Peneliti UGM: Hentikan Bikin Konten Medsos 'Challenge Malaikat Maut'

Challenge Malaikat Maut yaitu konten remaja mengadang truk di berbagai tempat, seperti di Banten, Bandung, dan Bekasi harus menjadi perhatian semua orang. Sebab, pembuat konten tidak menyadari pengaruh dari konten tersebut.

oleh Yanuar H diperbarui 14 Jul 2022, 18:00 WIB
Tengok peristiwa-peristiwa yang diyakini saat malaikat maut mencabut nyawa seseorang. Merinding!

Liputan6.com, Yogyakarta - Beberapa waktu lalu marak remaja membuat konten media sosial "Challenge Malaikat Maut" yaitu dengan mengadang truk yang tengah berjalan di jalan raya. Tren ini terjadi di berbagai tempat, seperti di Banten, Bandung, dan Bekasi.

Peneliti Pusat Kajian Masyarakat Digital atau Center for Digital Society (CfDS) Universitas Gadjah Mada Faiz Rahman mengatakan, platform media sosial perlu lebih aktif mendeteksi berbagai konten yang mendorong orang untuk melakukan aksi membahayakan keselamatan seperti Challenge Malaikat Maut.

"Saat ini, banyak orang mencoba peruntungan untuk menjadi viral di media sosial dengan membuat konten. Tidak jarang, tren viral yang diikuti masyarakat merupakan sesuatu yang dapat membahayakan diri, khususnya apabila aksi tersebut diikuti oleh anak," kata Faiz Rahman. 

Faiz mengakui media sosial bagaikan pedang bermata dua. Satu sisi berperan sebagai sarana komunikasi, di sisi lain, dapat menjadi titik berangkat terjadinya malapetaka. Media sosial memegang peranan penting dalam menyaring konten yang dapat membahayakan keselamatan seperti pada tren Challenge Malaikat Maut.

"Platform media sosial perlu lebih aktif dalam mendeteksi berbagai konten yang mendorong orang untuk melakukan aksi yang membahayakan keselamatan," tegasnya.

Menurutnya, penegakan regulasi di platform media sosial dan moderasi konten berbahaya menjadi salah satu langkah pertama dan utama yang bisa dilakukan untuk mencegah penyebarluasan konten berbahaya. Selain itu, edukasi literasi digital juga harus ditingkatkan. 

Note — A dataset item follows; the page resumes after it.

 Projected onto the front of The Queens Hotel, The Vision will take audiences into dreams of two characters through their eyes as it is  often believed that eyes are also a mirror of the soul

"Berbagai kegiatan literasi digital yang telah dilakukan oleh lembaga pemerintah, bekerja sama dengan berbagai platform media sosial, lembaga pendidikan, organisasi kemasyarakatan, hingga komunitas perlu untuk semakin di masifkan guna meningkatkan literasi digital masyarakat," dia menguraikan.

Selain itu, akomodasi literasi digital dalam kurikulum pendidikan formal sangat penting mengingat dampak negatif dari penggunaan media sosial semakin banyak menyasar anak-anak dan remaja. Selain platform media sosial dan pemerintah, orangtua memiliki posisi yang sentral untuk mengedukasi anak dalam bermedia sosial.

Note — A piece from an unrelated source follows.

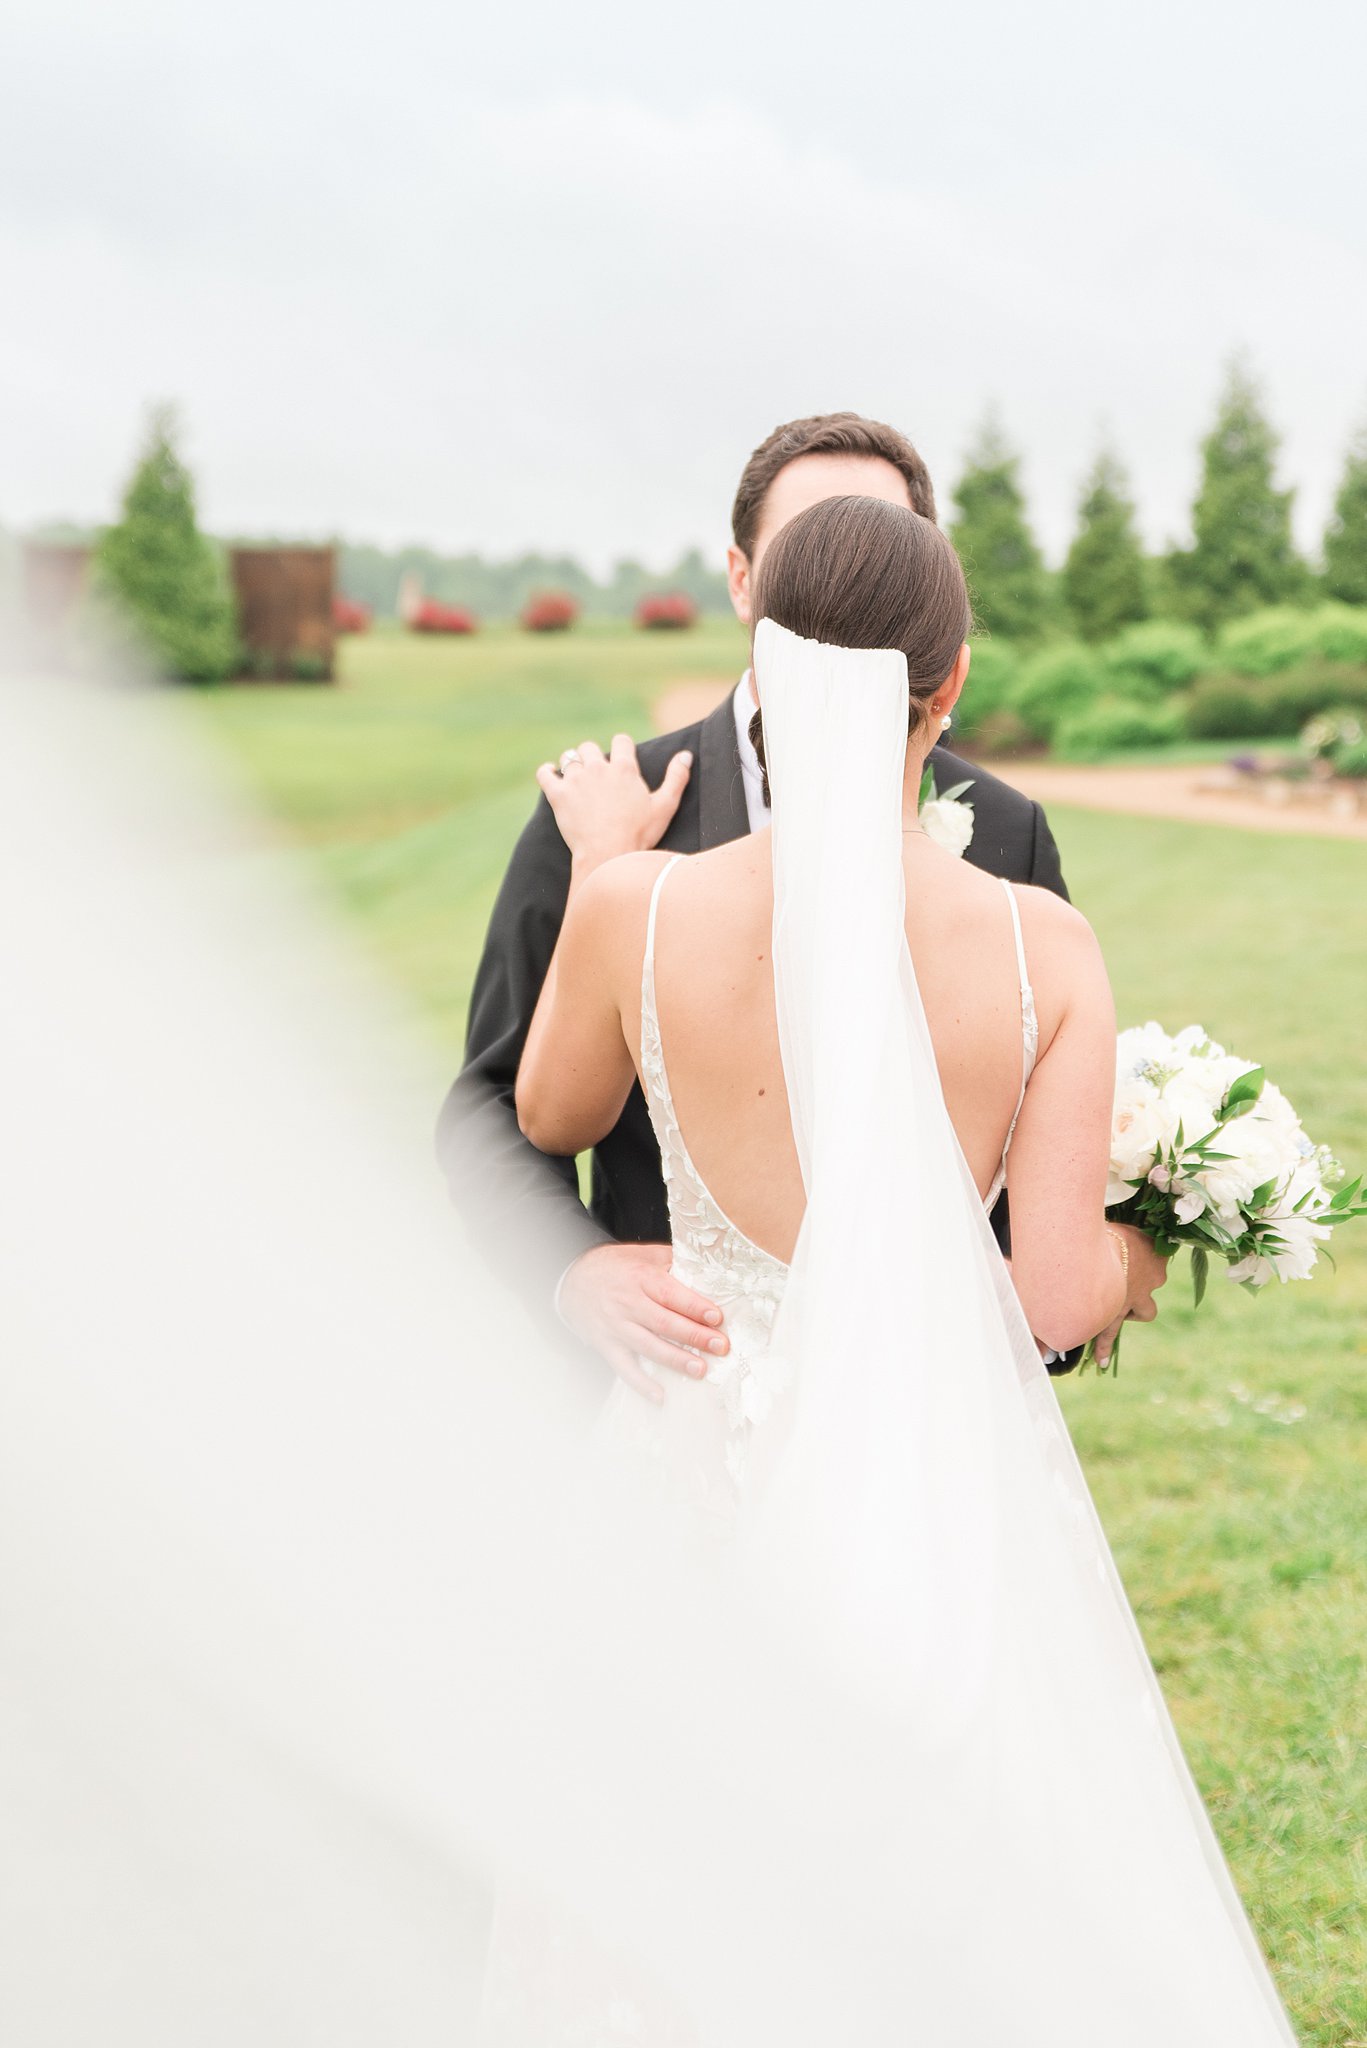 Newlyweds stand in an open lawn holding each other while the vail flies behind the bride

"Orangtua juga harus memiliki tingkat literasi digital yang mumpuni, sehingga dapat menjadi contoh dan memberikan edukasi yang maksimal bagi anaknya untuk dapat menyaring dan merespons berbagai informasi yang diterima. Orang tua juga perlu melakukan pengawasan dan memberikan pengertian kepada anak untuk tidak melakukan perbuatan yang membahayakan diri sendiri untuk kepentingan konten media sosial," Faiz menegaskan.

Bagi para pembuat konten, Faiz mengingatkan bahwa insiden Challenge Malaikat Maut yang terjadi belakangan ini, seharusnya juga dapat menjadi pelajaran bagi para pembuat konten. Terutama dalam memperhatikan aspek keselamatan saat membuat konten di media sosial. 

"Penyebaran konten yang membahayakan diri menjadi pekerjaan rumah bersama. Peningkatan literasi digital dan moderasi konten menjadi dua kunci utama yang perlu diperhatikan oleh berbagai pihak untuk meminimalisir dampak negatif dari penggunaan dan penyalahgunaan media sosial," dia menandaskan.